How do I get this text residing within the tags using Beautiful Soup?

I want to fetch the number 121 from the above code. But the soup object that I am getting is not showing the number.
Link to my Image
[<div class="open_pln" id="pln_1">
<ul>
<li>
<div class="box_check_txt">
<input id="cp1" name="cp1" onclick="change_plan(2,102,2);" type="checkbox"/>
<label for="cp1"><span class="green"></span></label>
</div>
</li>
<li id="li_open"><span>Desk</span> <br/></li>
<li> </li>
</ul>
</div>]
The number 121 for open offices is not inside HTML code, but in the JavaScript. You can use regex to extract it:
import re
import requests
url ='https://www.coworker.com/search/los-angeles/ca/united-states'
htmlpage = requests.get(url).text
open_offices = re.findall(r'var openOffices\s*=\s*(\d+)', htmlpage)[0]
private_offices = re.findall(r'var privateOffices\s*=\s*(\d+)', htmlpage)[0]
print('Open offices: {}'.format(open_offices))

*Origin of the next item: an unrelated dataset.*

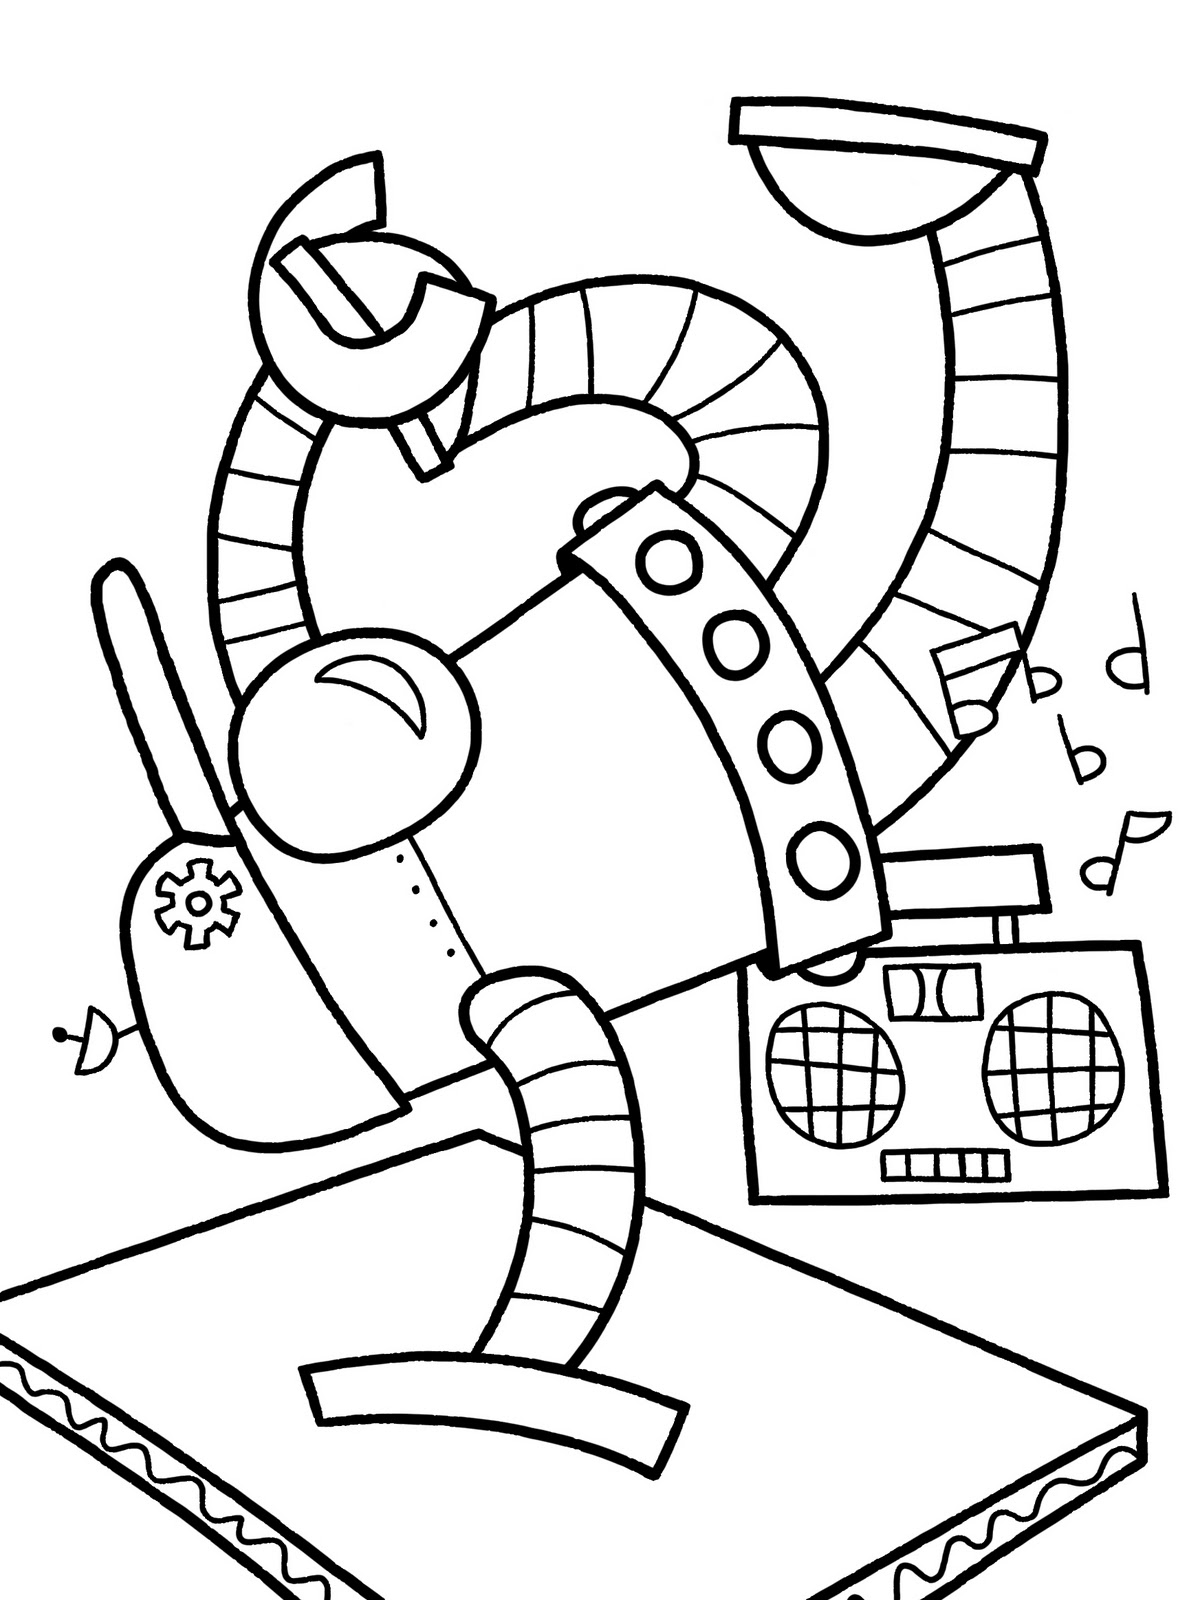 Best Colorear Godzilla Robot Coloring Pages Line Art

print('Private offices: {}'.format(private_offices))
Prints:
Open offices: 121
Private offices: 40
Without re module:
import requests
from bs4 import BeautifulSoup
url ='https://www.coworker.com/search/los-angeles/ca/united-states'
res = requests.get(url)
soup = BeautifulSoup(res.text,"lxml")
searchstr = "var openOffices = "
script = soup.select_one(f"script:contains('{searchstr}')").text
print(script.split(searchstr)[1].split(";")[0])
Output:
121
you have to find all the li attribute using soup like this -
attribute=req["li"]
all_links = soup.find_all(attribute)
for link in all_links:
print(link.text.strip())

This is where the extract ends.